Cancer-associated fibroblasts promote oral squamous cell carcinoma progression by targeting ATP7A via exosome-mediated paracrine miR-148b-3p.

Cuproptosis is a newly discovered form of non-apoptotic cell death. Cancer-associated fibroblasts (CAFs) can secrete various bioactive substances, including exosomes, to promote tumor progression. However, the impact of CAFs on the regulation of copper metabolism and cuproptosis in oral squamous cell carcinomas (OSCC) has not been investigated. In the present study, we revealed that up-regulated expression of ATP7A was correlated with reduced copper abundance, advanced clinicopathological characteristics and poor prognosis in OSCC. The knockdown of ATP7A significantly increased cuproptosis and inhibited malignant progression in vitro, as well as decreased tumor growth and metastasis in vivo. Furthermore, co-culture assays and dual-luciferase reporter demonstrated that upregulated expression of ATP7A in OSCC was due to a reduction of miR-148b-3p in CAF-derived exosomes.
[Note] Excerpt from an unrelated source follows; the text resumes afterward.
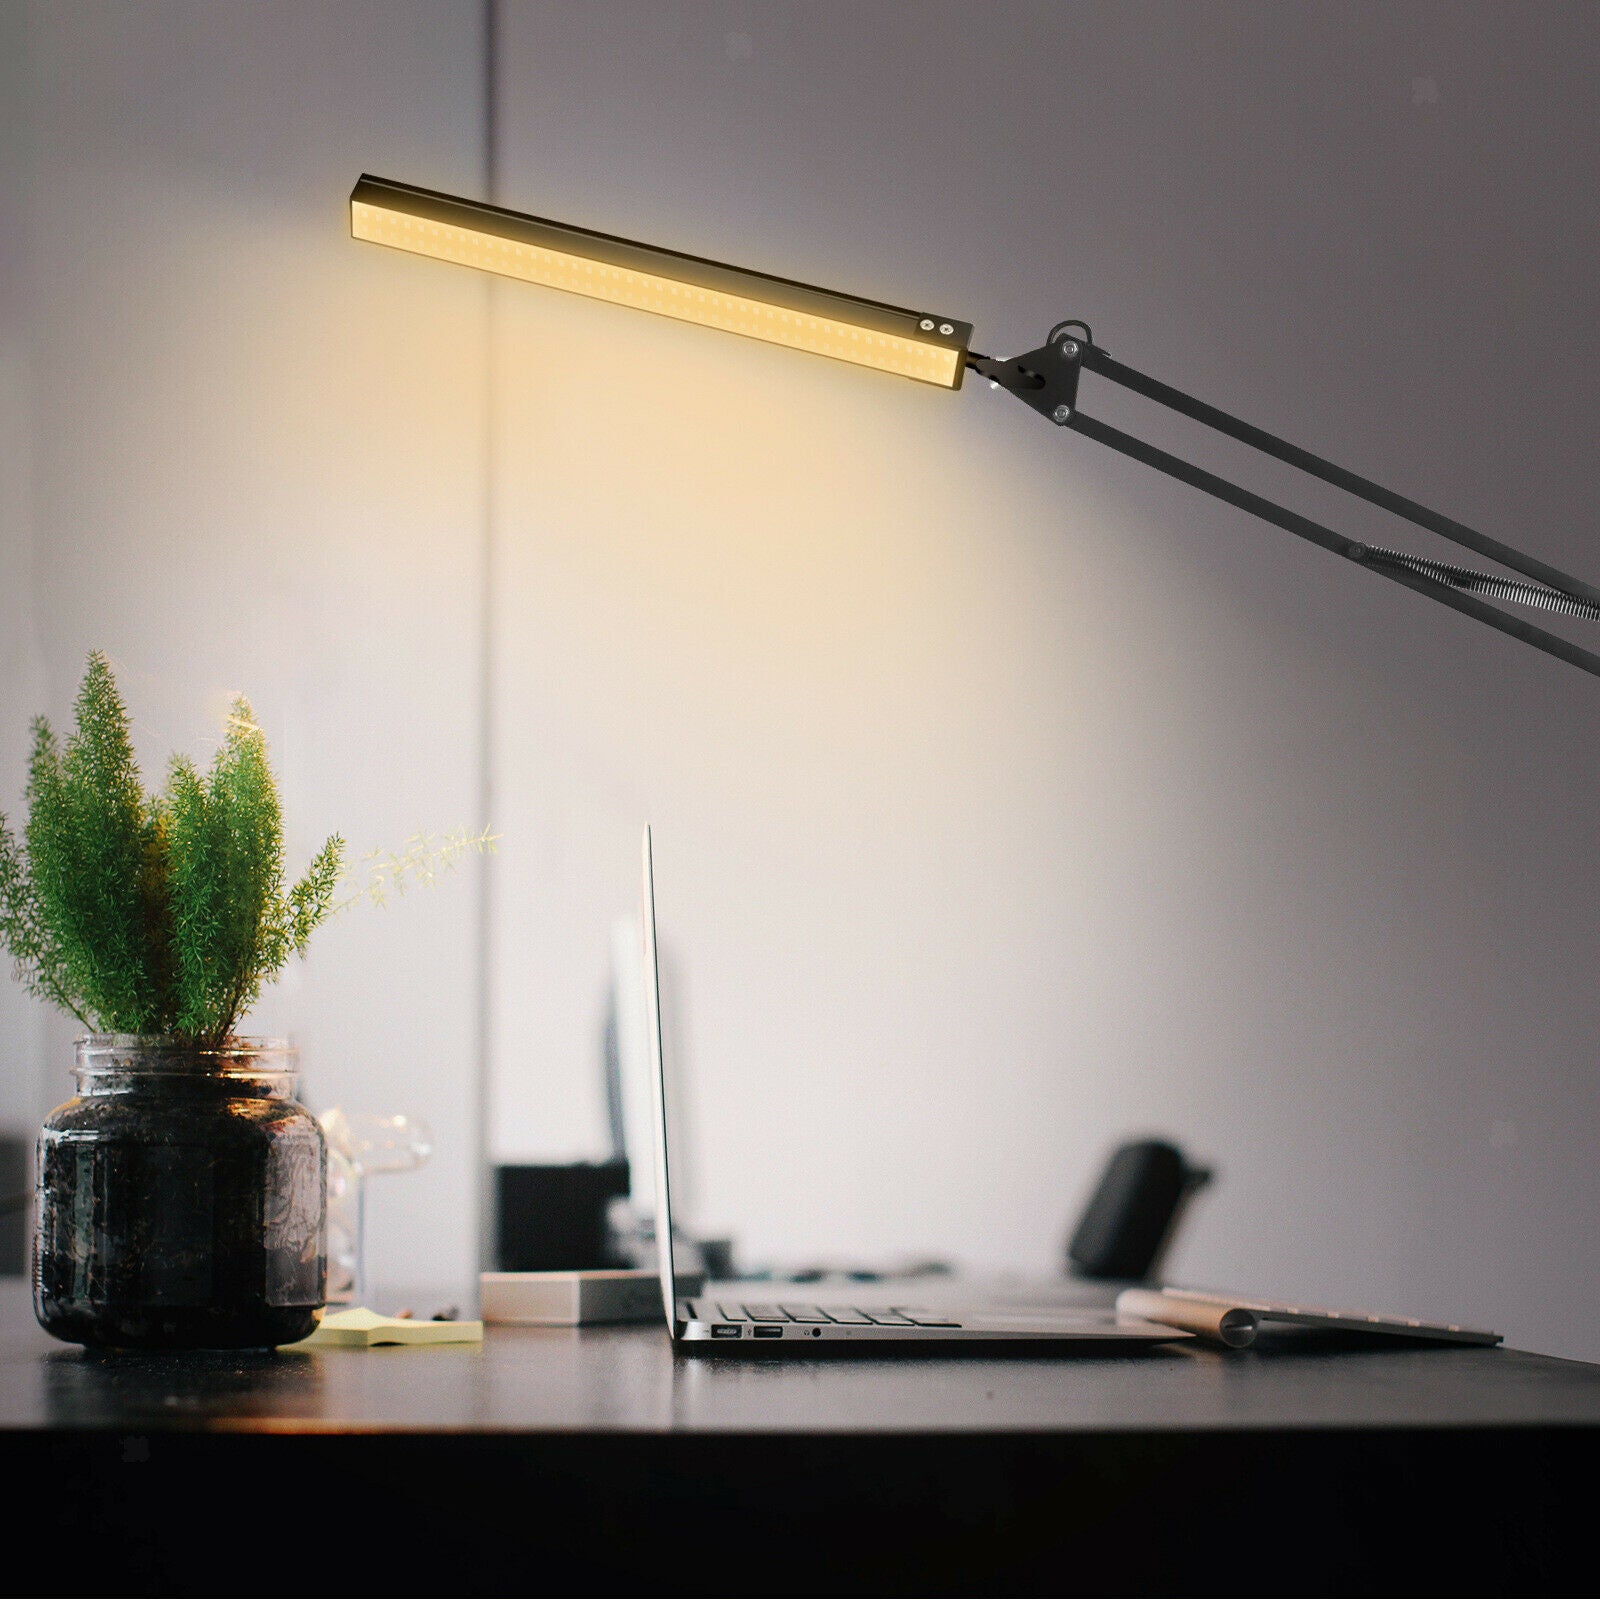 Swing Arm LED Desk Lamp with Clamp, with 3 Color Modes Dimming Light

The downregulation of miR-148b-3p was observed to significantly elevate ATP7A expression, inhibit cuproptosis and increase malignant progression in vitro. Additionally, in vivo studies demonstrated that this process promoted tumor growth and metastasis. OSCC exhibit a low level of cuproptosis due to the uptake of miR-148b-3p-depleted exosomes from CAFs, leading to a more malignant phenotype in the tumor microenvironment by targeting ATP7A. The results of our experiments suggest that targeting the miR-148b-3p/ATP7A axis might be a promising therapeutic approach for the treatment of oral cancer.